Carol Monteforte: Podem me chamar de Carol, só pra eu me sentir mais em casa. 21 anos, virginiana, nada normal, com um coração enorme, pseudo-engenheira (que só é exata na parte da faculdade, porque na parte sentimental…), tentativa de blogueira, intensa demais, sincera demais, romântica demais, conselheira demais, individualista demais, amiga demais, sonhadora demais só que incrivelmente realista (por mais irônico que pareça), viciada em snaps, em fotos, em sorrisos, em flores, em pessoas, em palavras, mas principalmente em atitudes.
Anna Schmidt: tem 20 anos, é carioca, estudante de direito, metida a escritora (http://annaluizaschmidt.blogspot.com) nas horas vagas e Fluminense de carteirinha. Envolvida por 36 séries de TV, pelo twitter (http://twitter.com/annasschmidt_), por música de todos os tipos, livros em todas as suas formas, por filmes sci-fi e pelo Rio. Impulsiva, confusa, piadista em horas inapropriadas, frequentadora oficial da noite carioca, apaixonada por tudo e por nada e pra resumir: libriana na essência da palavra.
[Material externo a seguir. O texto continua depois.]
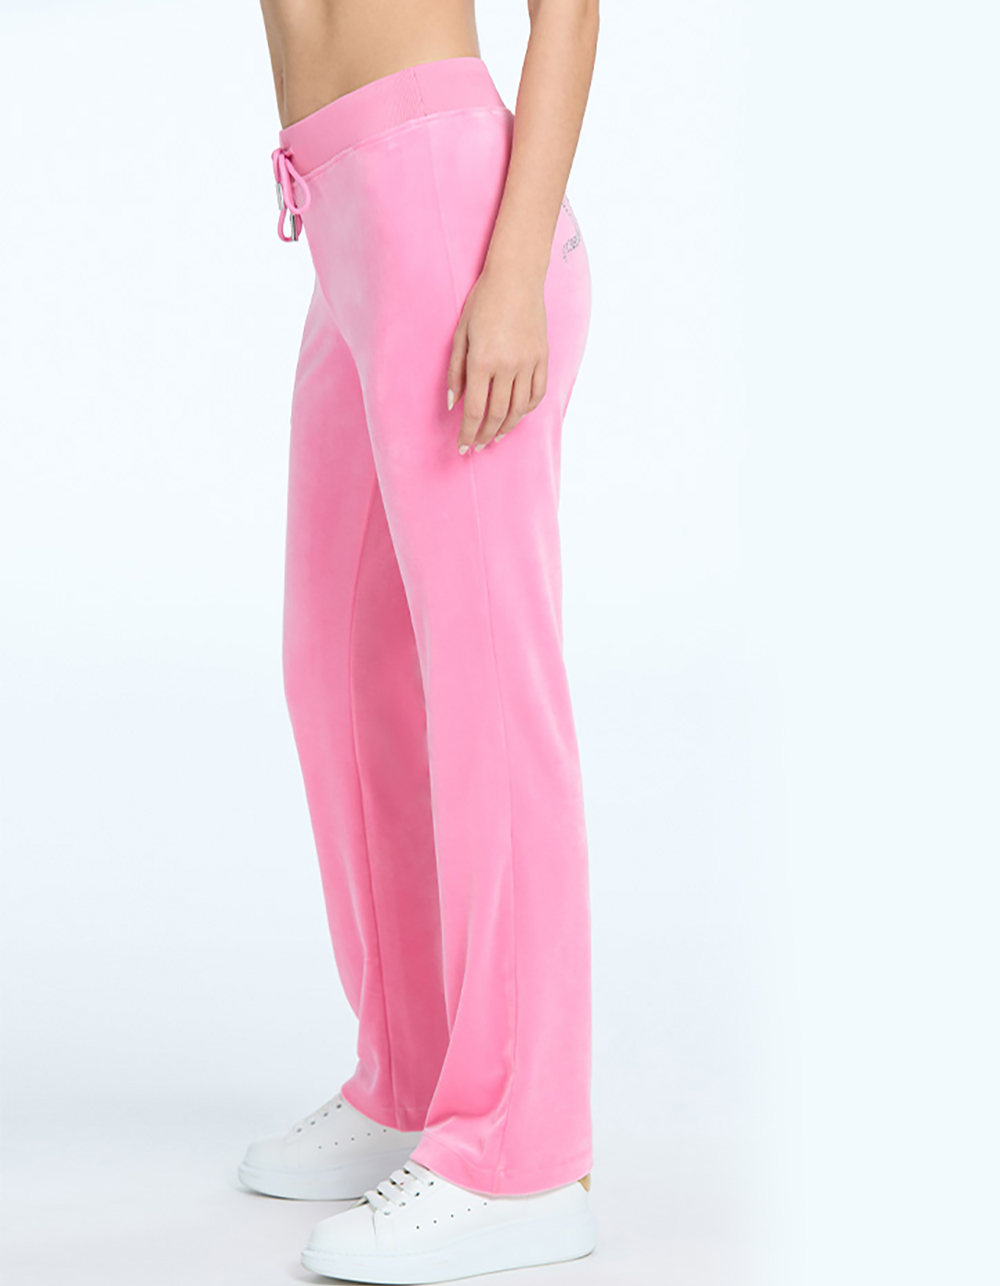 Juicy Couture Pink Athletic Pants for Women

Carol Redlich: 25 anos. Gaúcha, contadora, pós graduanda e de quebra técnica em enfermagem com o jaleco já aposentado. Teimosa de doer e de personalidade forte, não é a toa que carrego o sangue alemão. Faço jus a ele. Amo demais o meu trabalho, livros, gatos, música rock e indie, viajar, whisky, vinho e churrasco do meu papis. Ah, e defendo o ideal da mulher independente e o completo poder de escolha sobre todos os aspectos da sua vida. Polêmica.
Julie Cordeiro: odeio quando pronunciam meu nome errado. Tenho 19 anos, sou mineira, curso Administração e quero passar a minha vida administrando minhas viagens pelo mundo. Sou apaixonada por livros, pessoas bem humoradas e dormir. Consigo me expressar melhor na escrita do que na fala. Mudo de opinião constantemente, mas não permito que isso me torne influenciável. Sou o que costumo chamar de pessoas "bagunças", ninguém me entende e muito menos eu.
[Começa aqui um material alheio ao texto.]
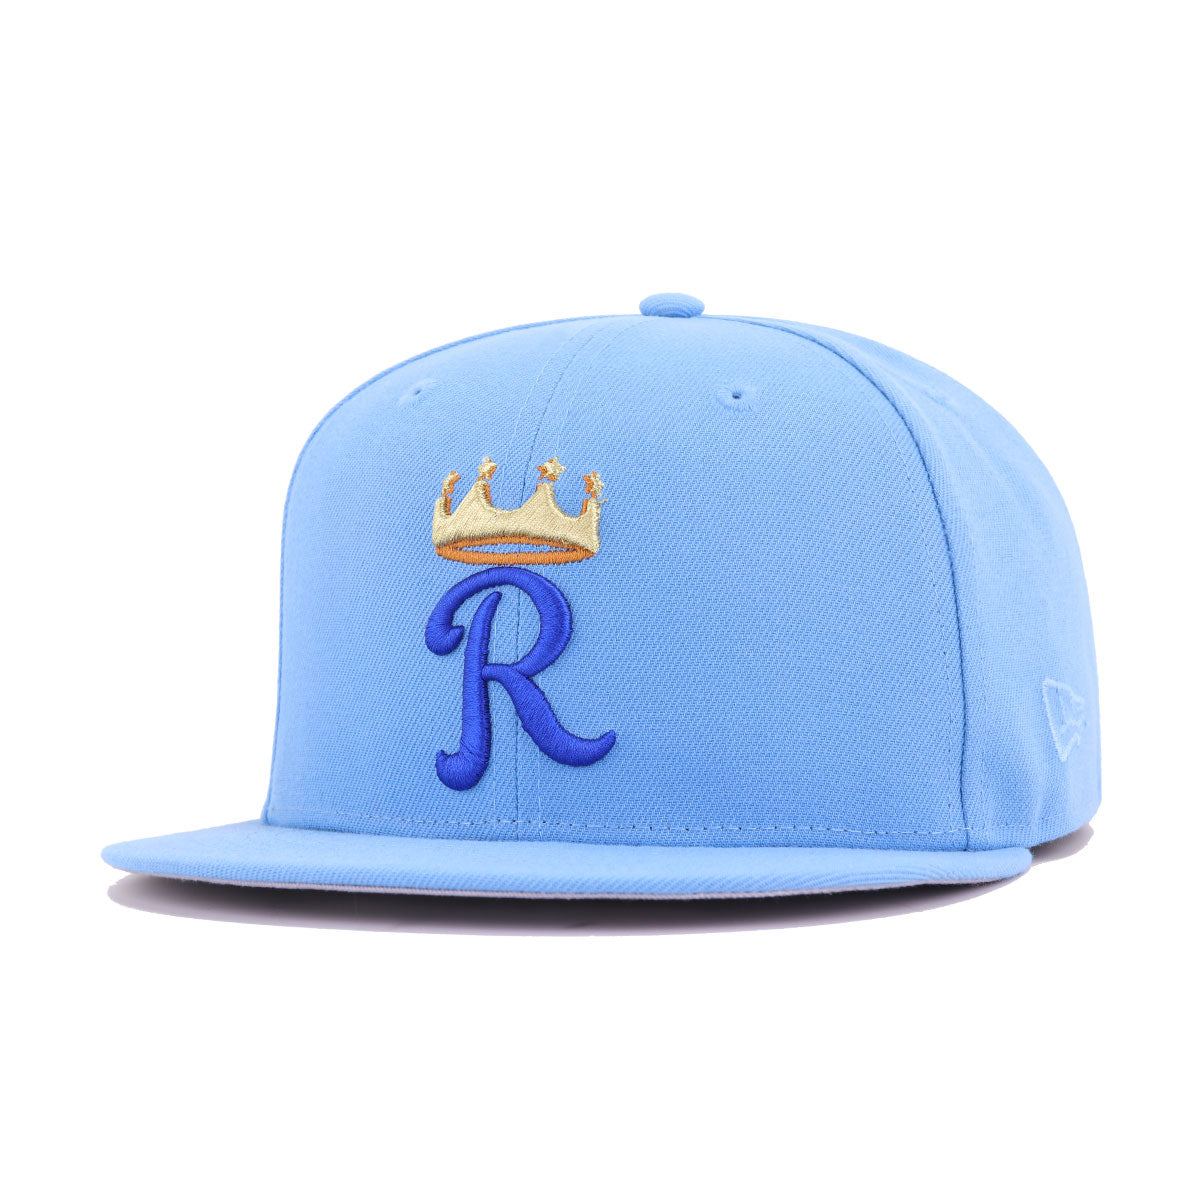 MLB Kansas City Royals Authentic On Field Alternate 59Fifty Fitted Cap, Sky  Blue

Nathalie Caroline: 18 anos, carioca e amante de sorvete de pistache. Faladeira, baladeira, bagunceira e todas as "eiras" que vocês conhecerem. É super amiga da Beyonce, já foi à Lua, teve um caso com o Ryan Gosling e às vezes é um pouco sonhadora demais. É sagitariana com ascendente em áries com muito orgulho, com muito amor.

1- Qual foi a atitude mais escrota que você já fez em relação a relacionamentos?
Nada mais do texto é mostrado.